Writing has laws of perspective, of light and shade, just as painting does, or music. If you are born knowing them, fine. If not, learn them. Then rearrange the rules to suit yourself.
A good novel tells us the truth about its hero; but a bad novel tells us the truth about its author.
The fact is, I don’t know where my ideas come from. Nor does any writer. The only real answer is to drink way too much coffee and buy yourself a desk that doesn’t collapse when you beat your head against it.
Every writer with half a brain knows to surround himself or herself with editors who are smarter, far more articulate and infinitely better looking.
Critics are people who sit on the mountaintop and look down on the battlefield. When the fighting is finished, they take it upon themselves to come down from the mountain and shoot the survivors.

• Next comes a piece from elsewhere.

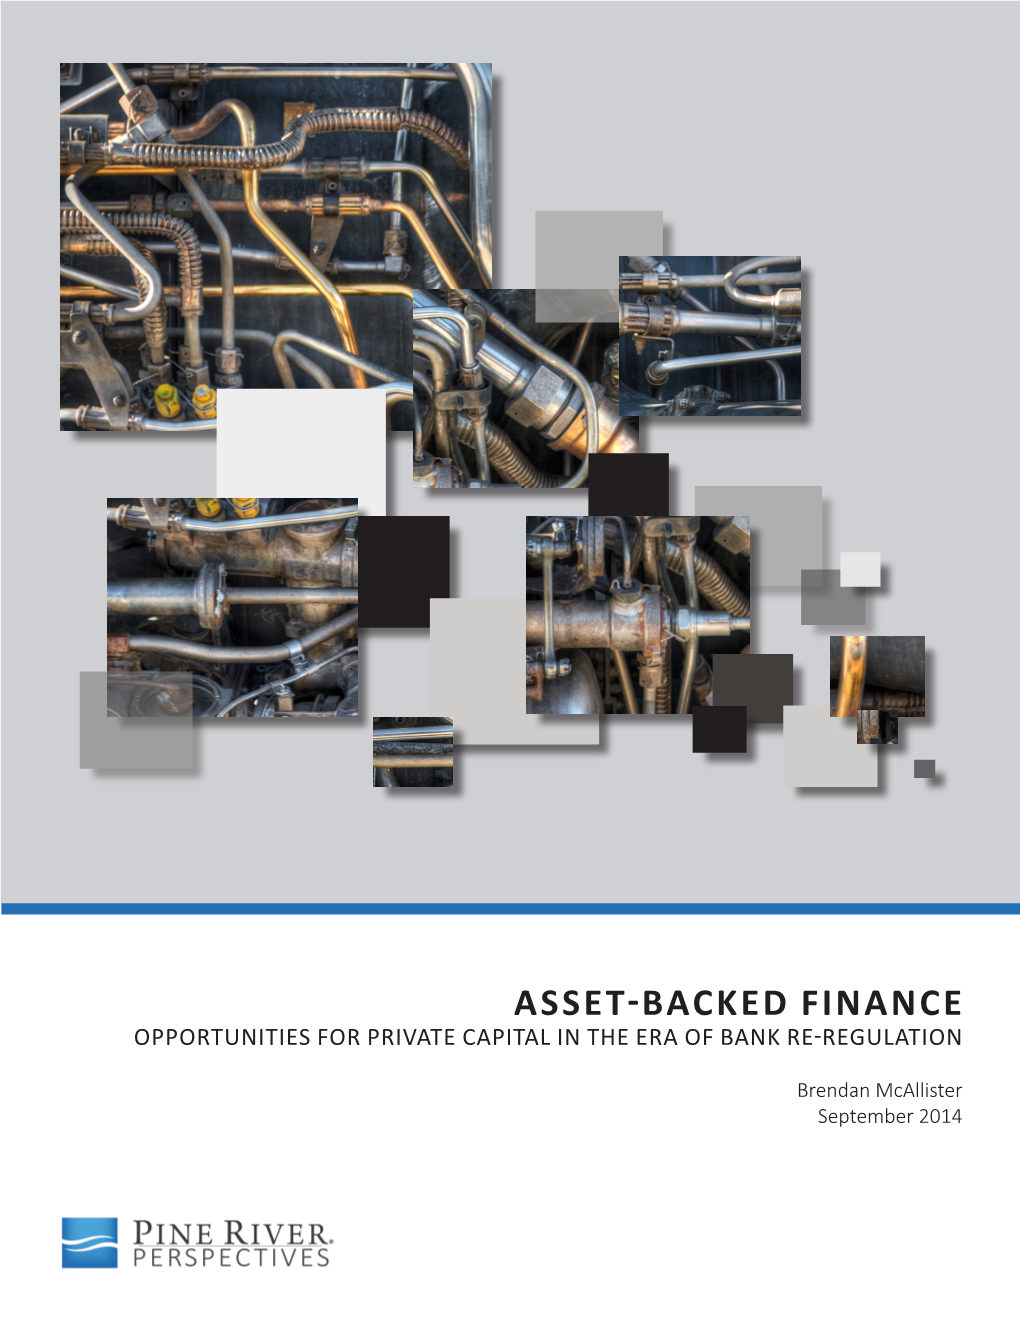 Asset-Backed Finance Opportunities for Private Capital in the Era of Bank Re-Regulation

Editor: A person employed by a newspaper, whose business it is to separate the wheat from the chaff, and to see that the chaff is printed.

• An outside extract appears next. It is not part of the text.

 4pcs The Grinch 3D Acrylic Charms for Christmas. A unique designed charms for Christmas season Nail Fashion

The most valuable of all talents is that of never using two words when one will do.
Socially, a journalist fits in somewhere between a whore and a bartender. But spiritually he stands beside Galileo. He knows the world is round.
Books aren’t written, they’re rewritten. Including your own. It is one of the hardest things to accept, especially after the seventh rewrite hasn’t quite done it.

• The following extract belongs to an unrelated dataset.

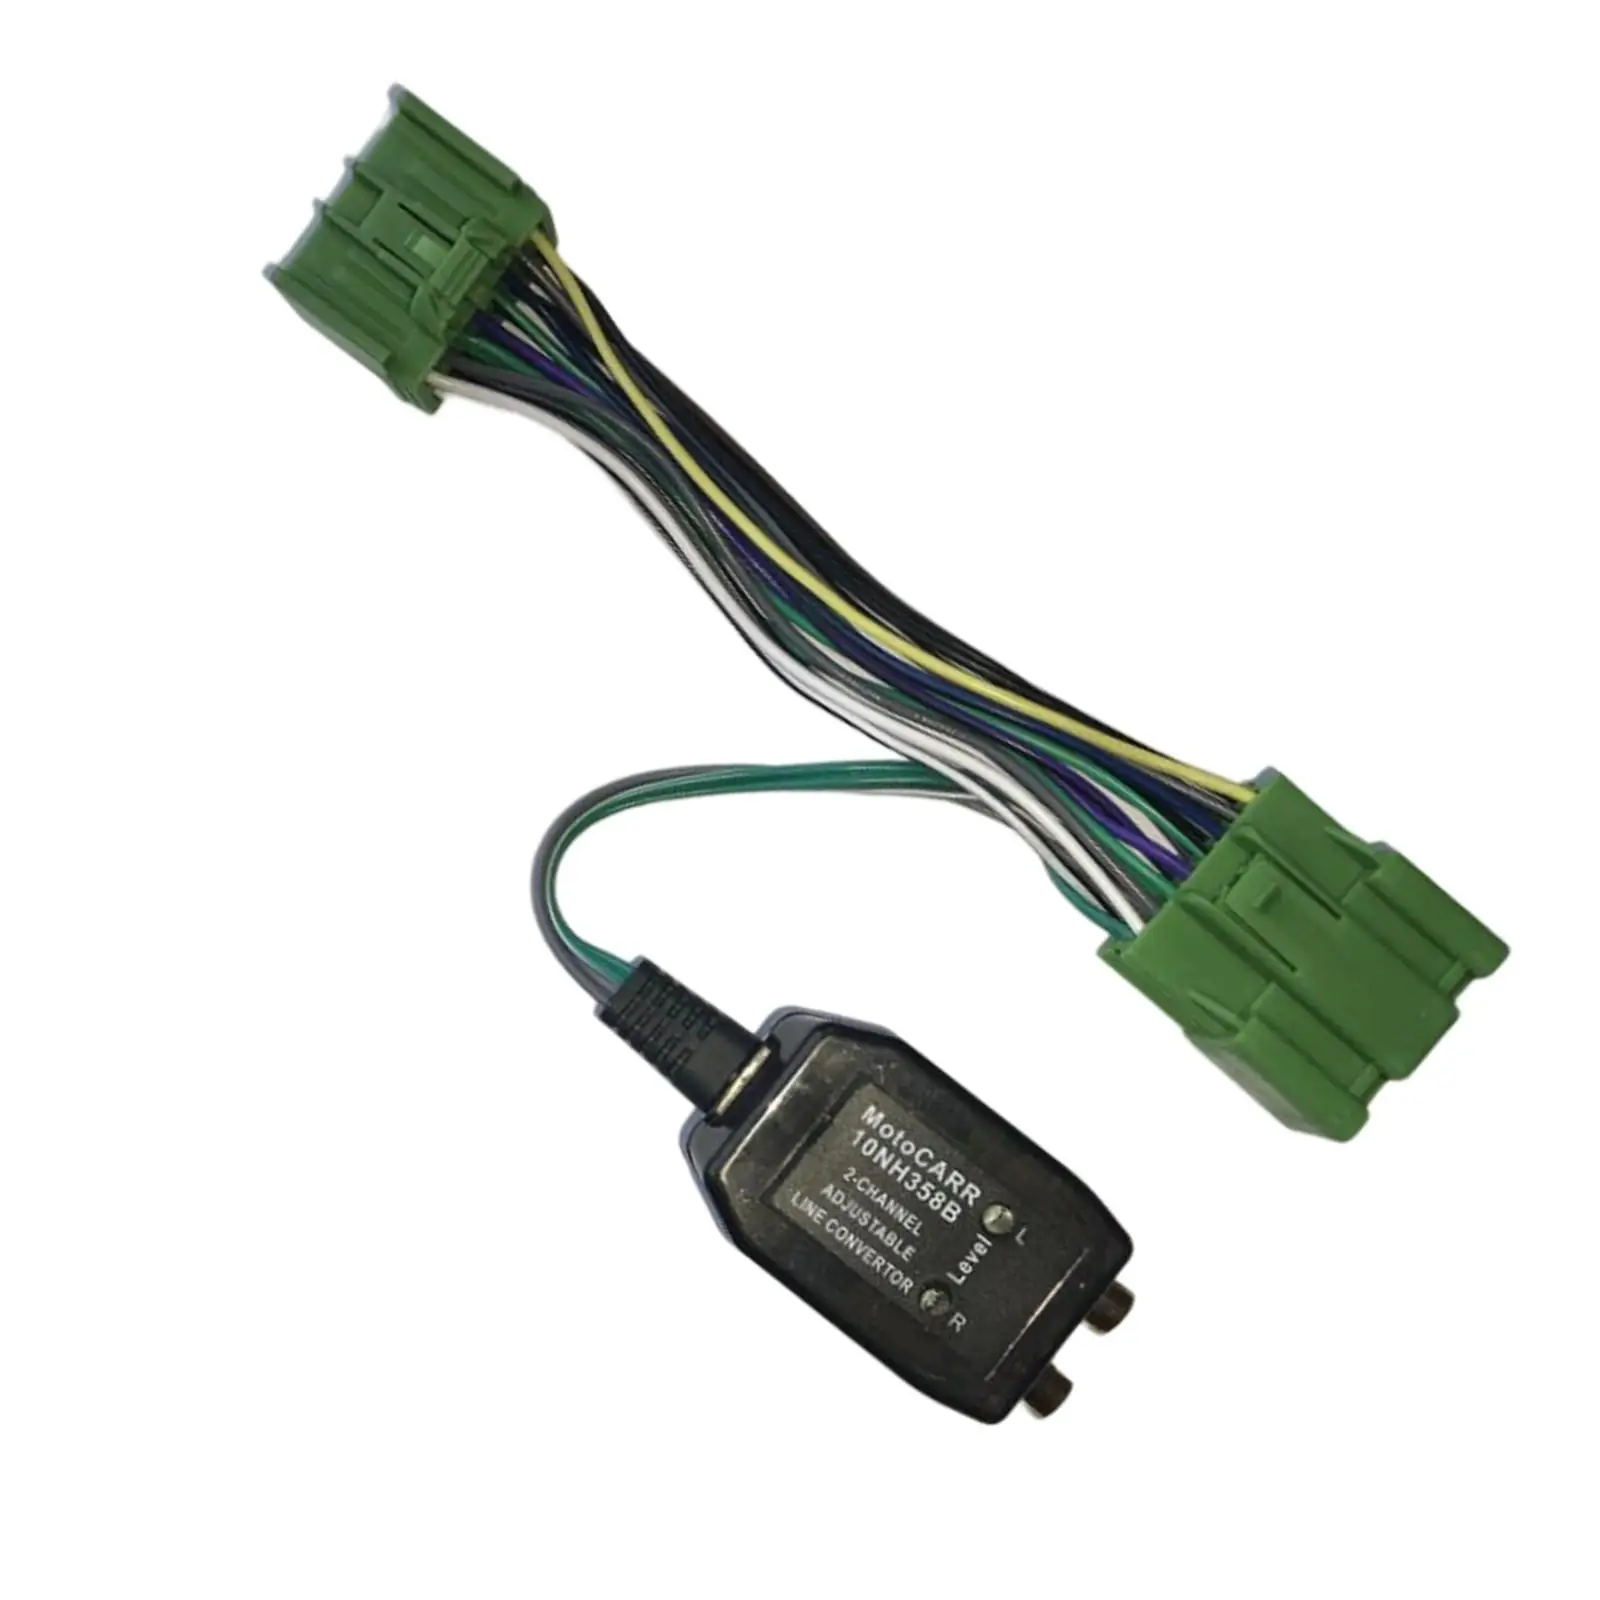 71-2107 Aftermarket Radio Wiring Harness Add Amplifier Adapter Interface Amp Select for Direct Replaces Supplies Parts

Ever heard of a carpenter not going to work because he has “carpenter’s block”? If a writer can’t write, it’s because he doesn’t really want to, he isn’t ready to get it on paper or he’s just plain lazy.
No one can write decently who is distrustful of the reader’s intelligence or whose attitude is patronizing.
If one cannot enjoy reading a book over and over again, there is no use in reading it at all.
Keep a small can of WD-40 on your desk — away from any open flames — to remind yourself that if you don’t write daily, you will get rusty.